[R] Conditional logistic regression for "events/trials" format
Charles C. Berry
cberry at tajo.ucsd.edu
Thu May 31 19:11:50 CEST 2007
On Thu, 31 May 2007, Strickland, Matthew (CDC/CCHP/NCBDDD) (CTR) wrote:
> Dear R users,
> I have a large individual-level dataset (~700,000 records) which I am
> performing a conditional logistic regression on. Key variables include
> the dichotomous outcome, dichotomous exposure, and the stratum to which
> each person belongs.
> Using this individual-level dataset I can successfully use clogit to
> create the model I want.

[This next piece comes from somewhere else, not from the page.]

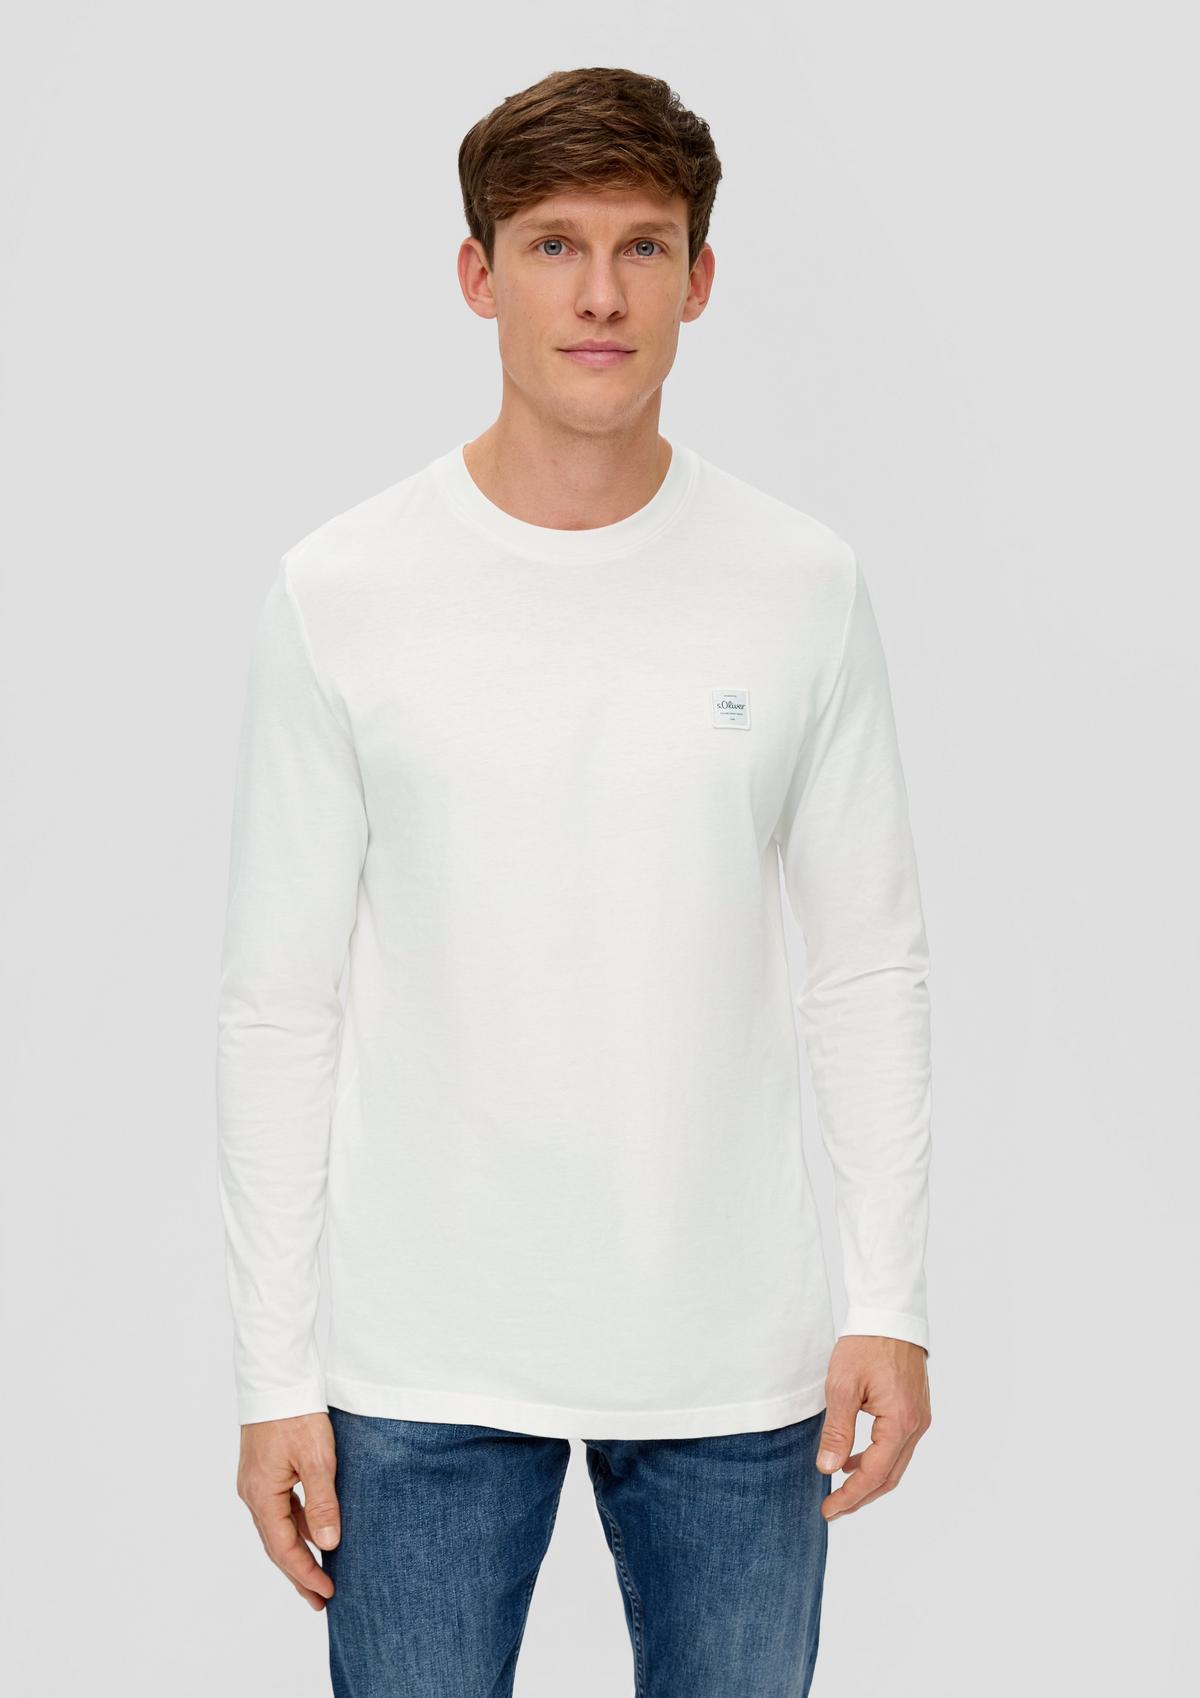 Tričko s dlouhým rukávem z čisté bavlny

However reading this large .csv file into R and
> running the models takes a fair amount of time.
> Alternatively, I could choose to "collapse" the dataset so that each row
> has the number of events, number of individuals, and the exposure and
> stratum. In SAS they call this the "events/trials" format. This would
> make my dataset much smaller and presumably speed things up.
I think you have described the data for forming a 2 by 2 by K table of
In which case, loglin(), loglm(), mantelhaen.test(), and - if K is not too
large - glm(... , family=poisson) would be suitable.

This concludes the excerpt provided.